**Exercise description:** Write out an exact copy of the line containing "appro Stock Photo" and all lines that follow it in the data below, leaving out pictures.

**Exercise data:**
◇ ◇ ◇ ◇
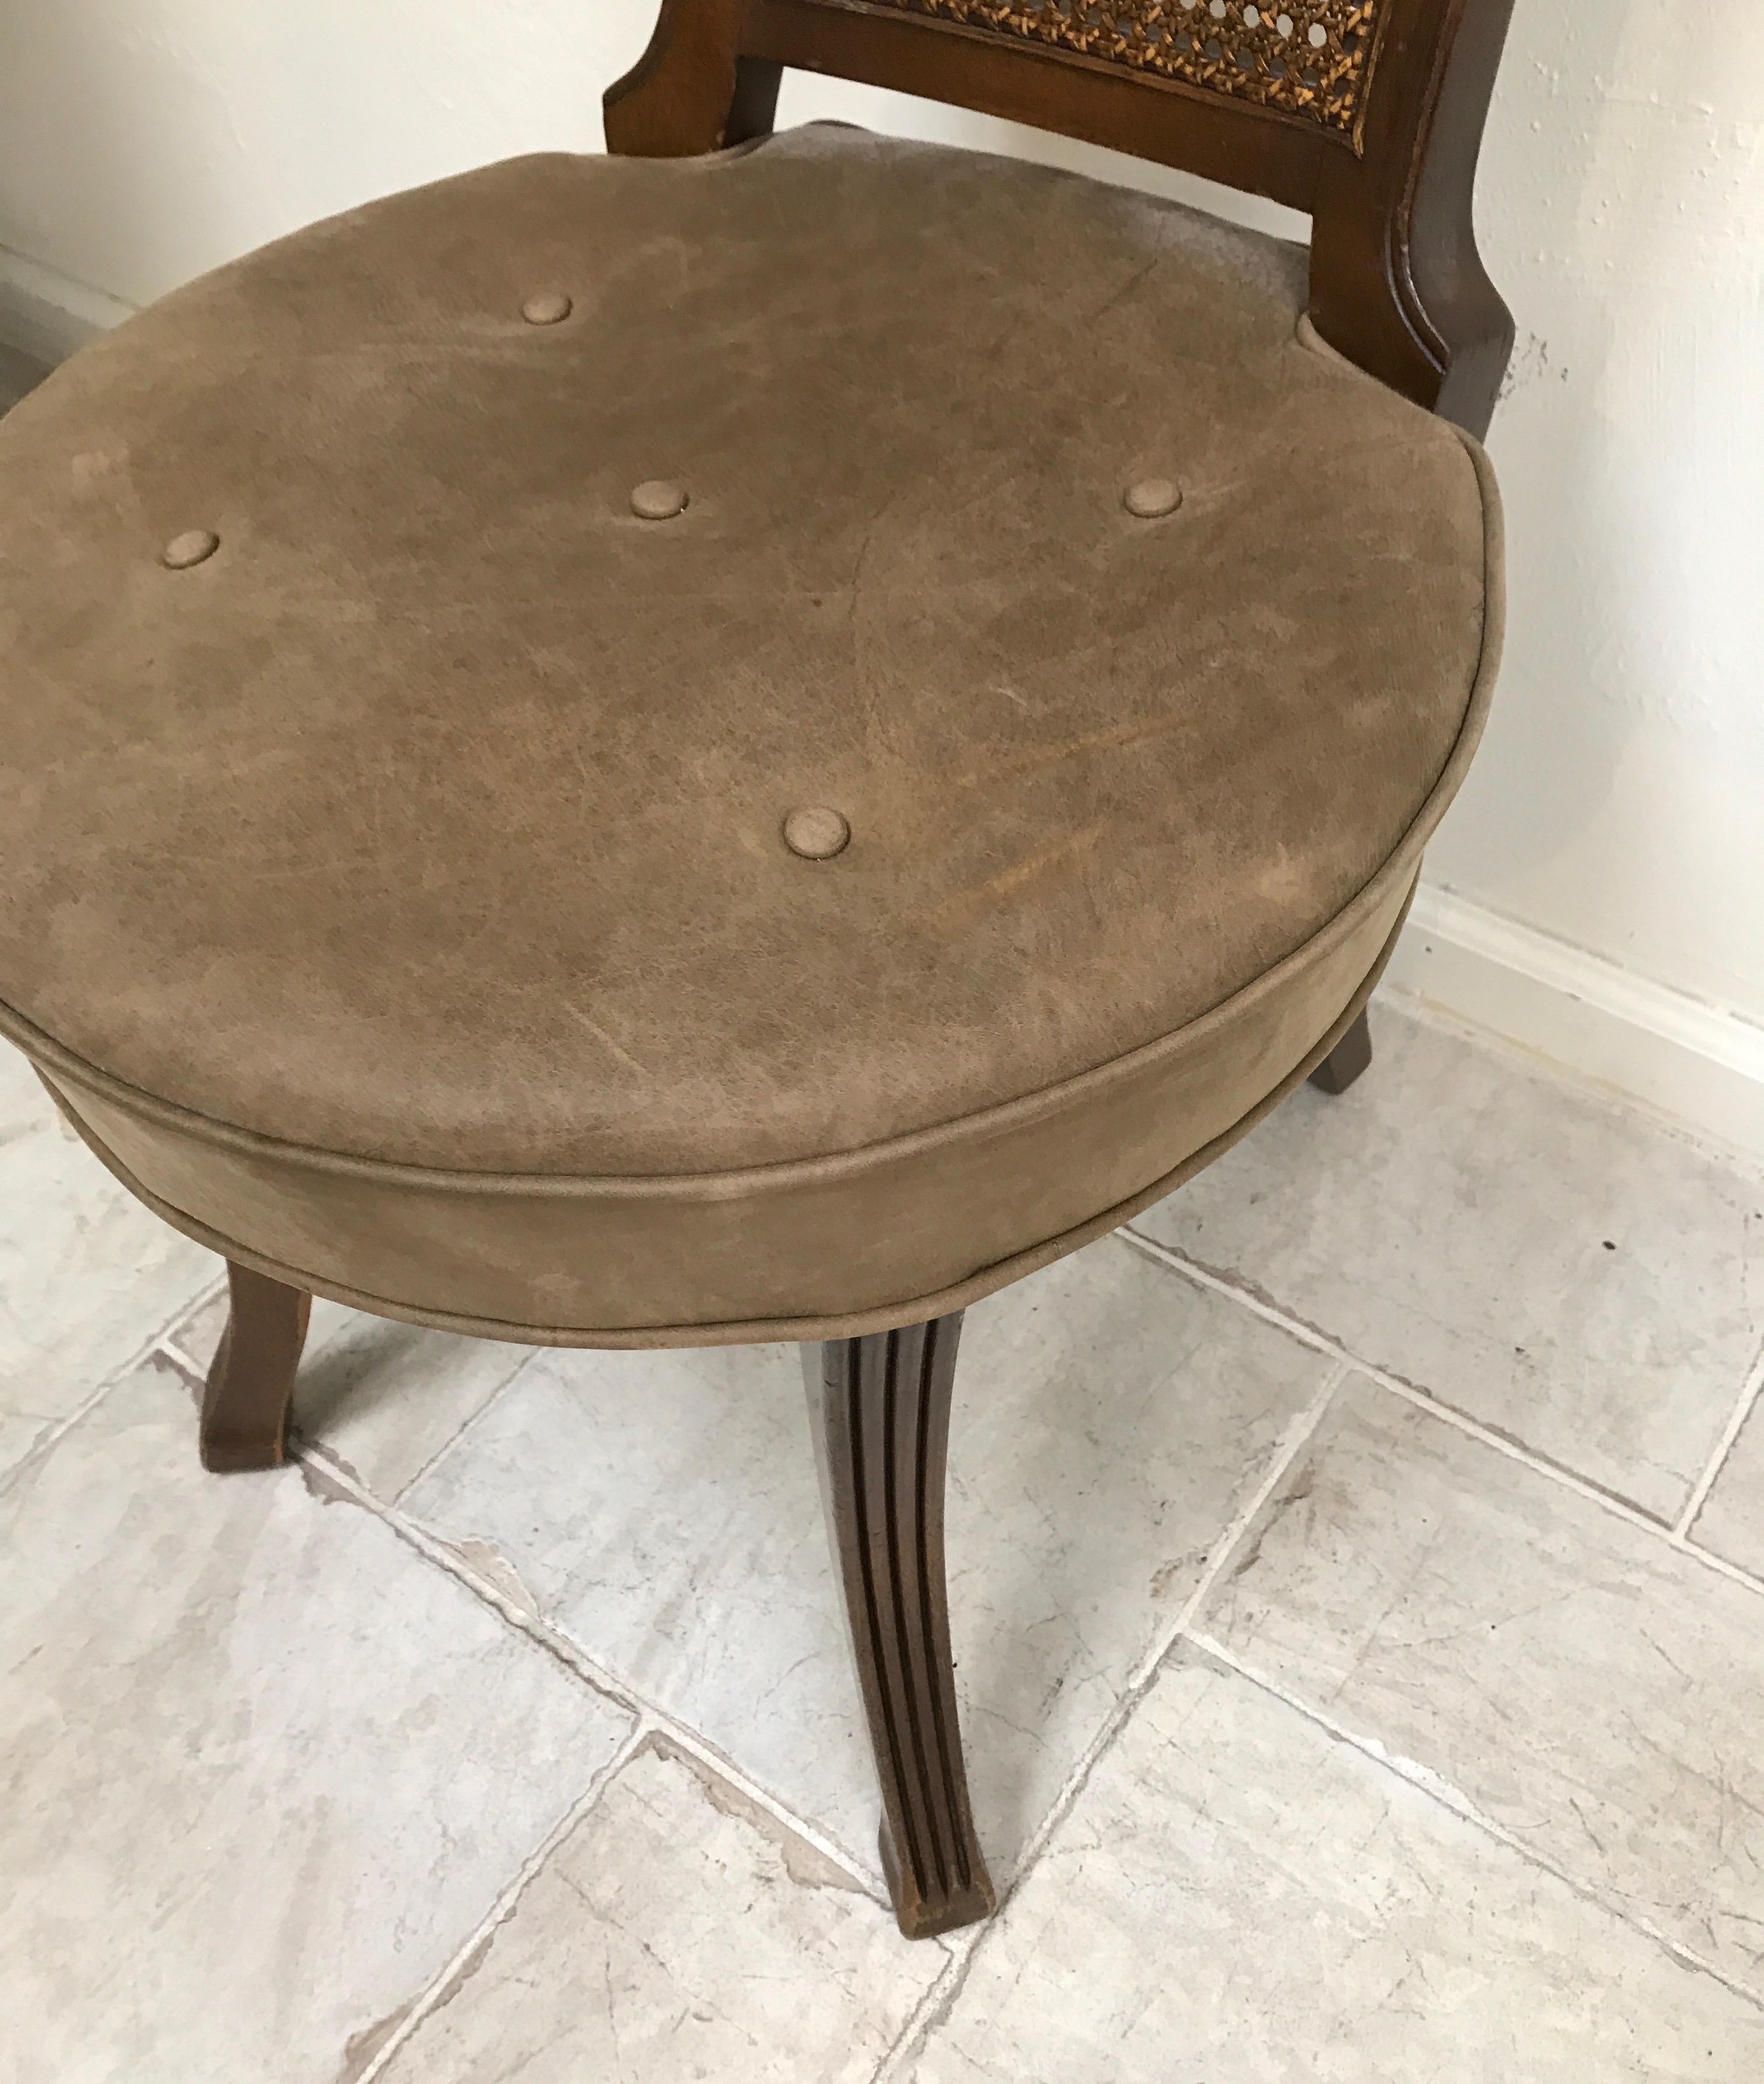 Single desk chair with round brown leather seat and cane back with brass handle on top.
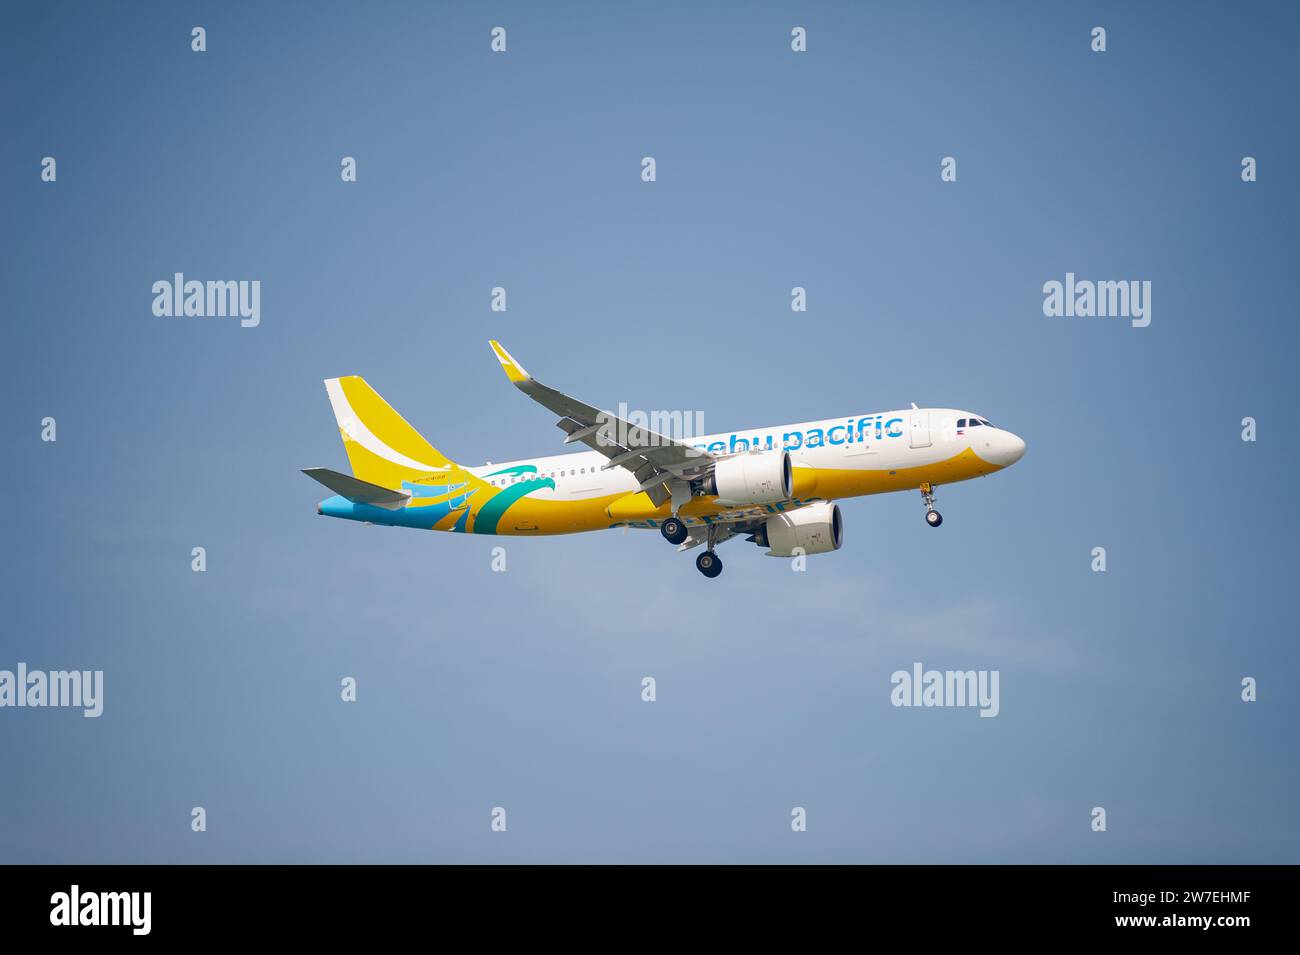 30.07.2023, Singapore, Singapur,  - An Airbus A320-200 Neo passenger aircraft of the Philippine airline Cebu Pacific Air, registration RP-C4158, appro Stock Photo
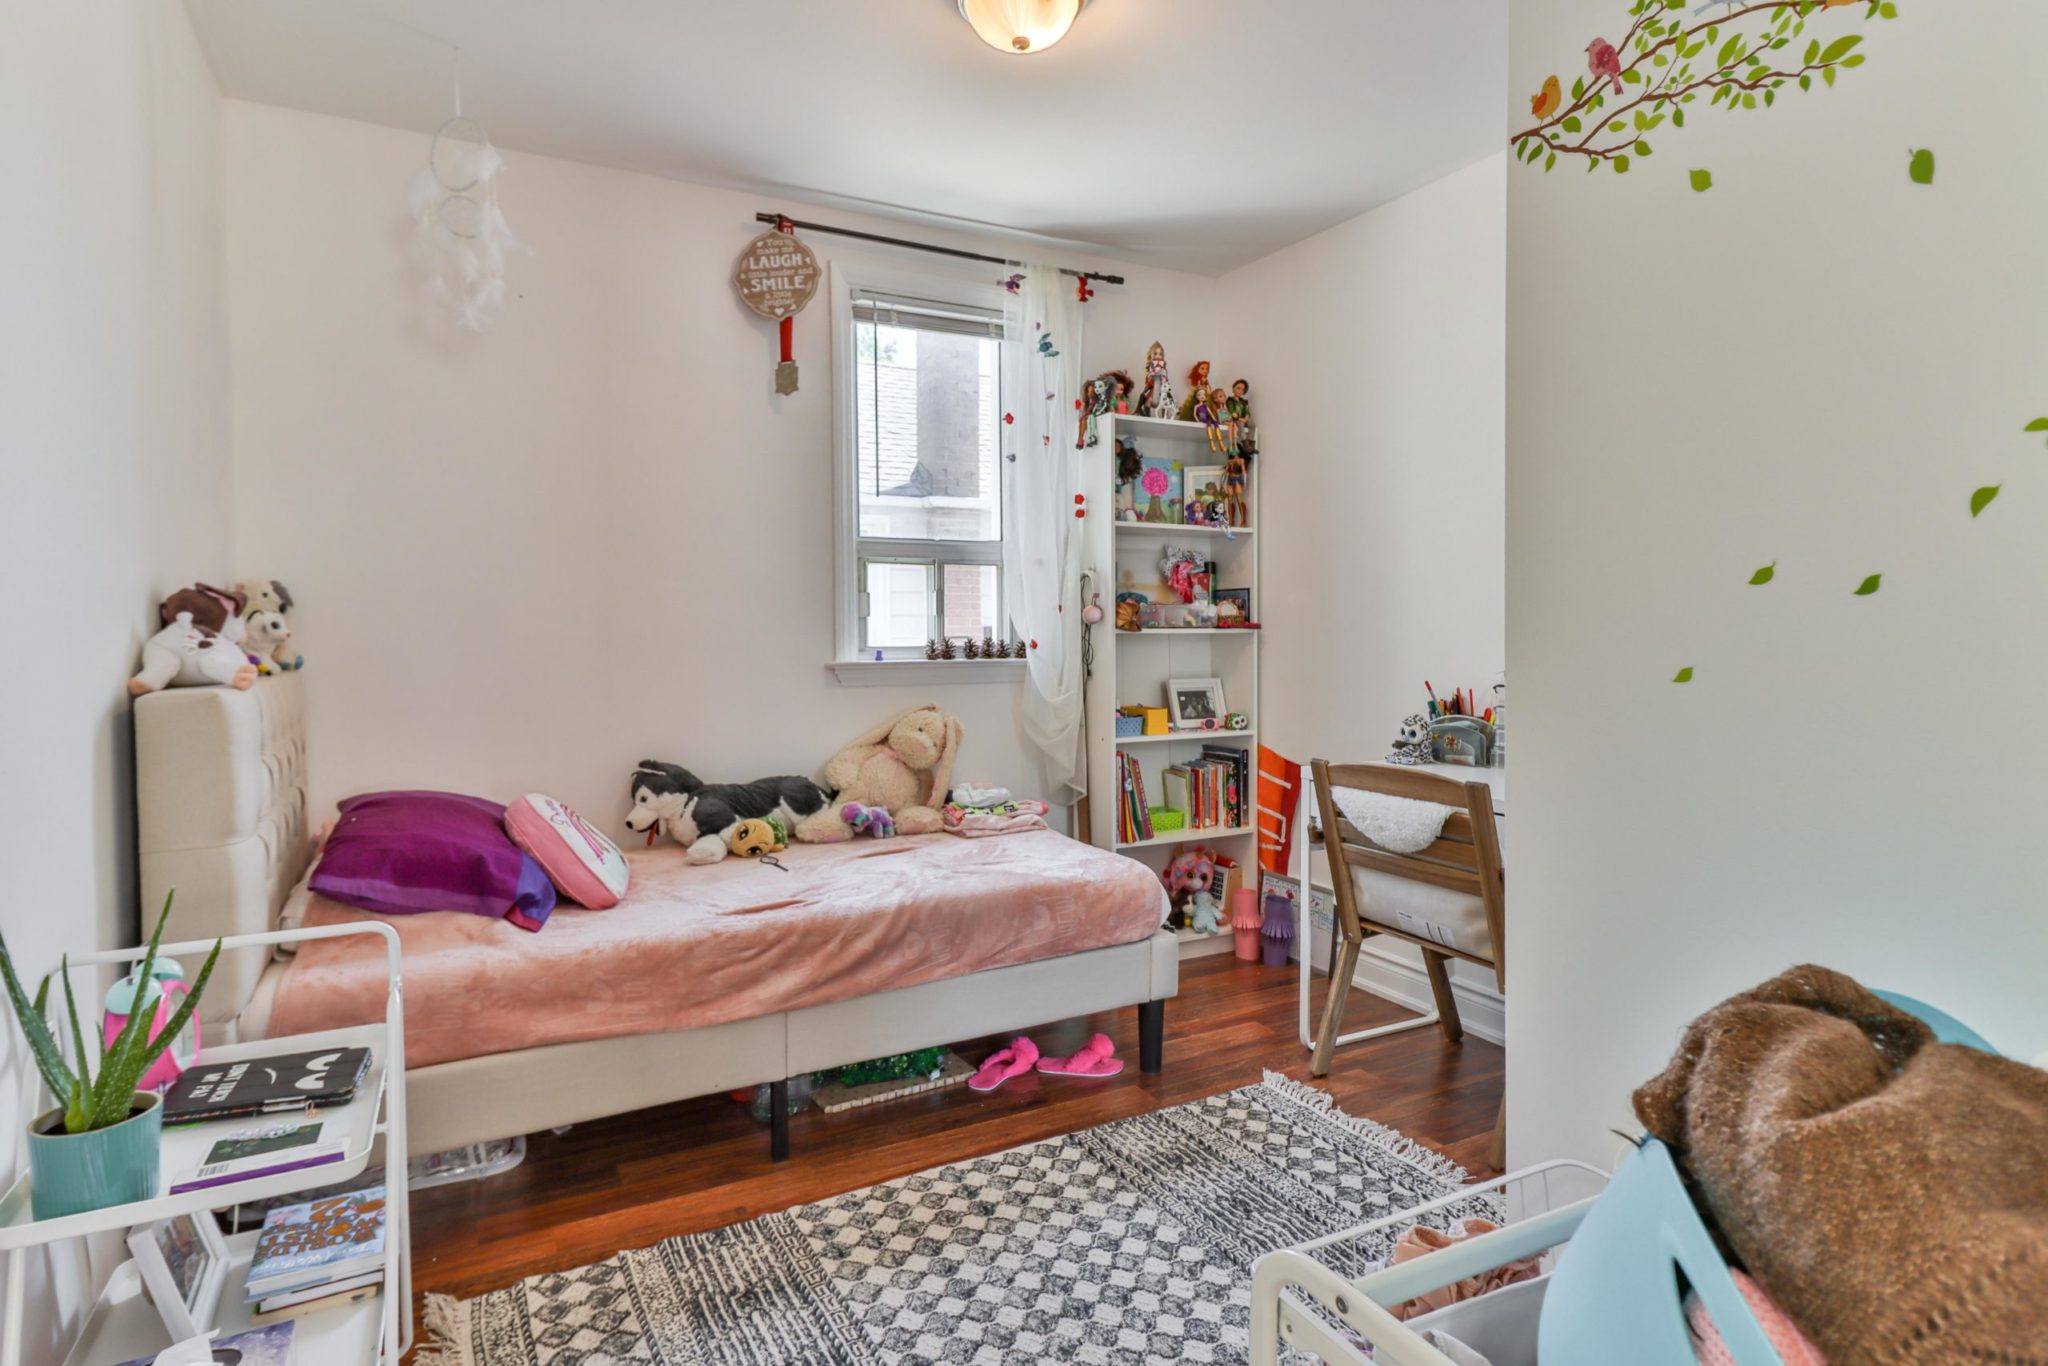 Girl's bedroom with pink walls, bookcase with dolls and stuffed animals on bed.
◇ ◇ ◇ ◇
**Output of the exercise:**
 30.07.2023, Singapore, Singapur,  - An Airbus A320-200 Neo passenger aircraft of the Philippine airline Cebu Pacific Air, registration RP-C4158, appro Stock Photo
 Girl's bedroom with pink walls, bookcase with dolls and stuffed animals on bed.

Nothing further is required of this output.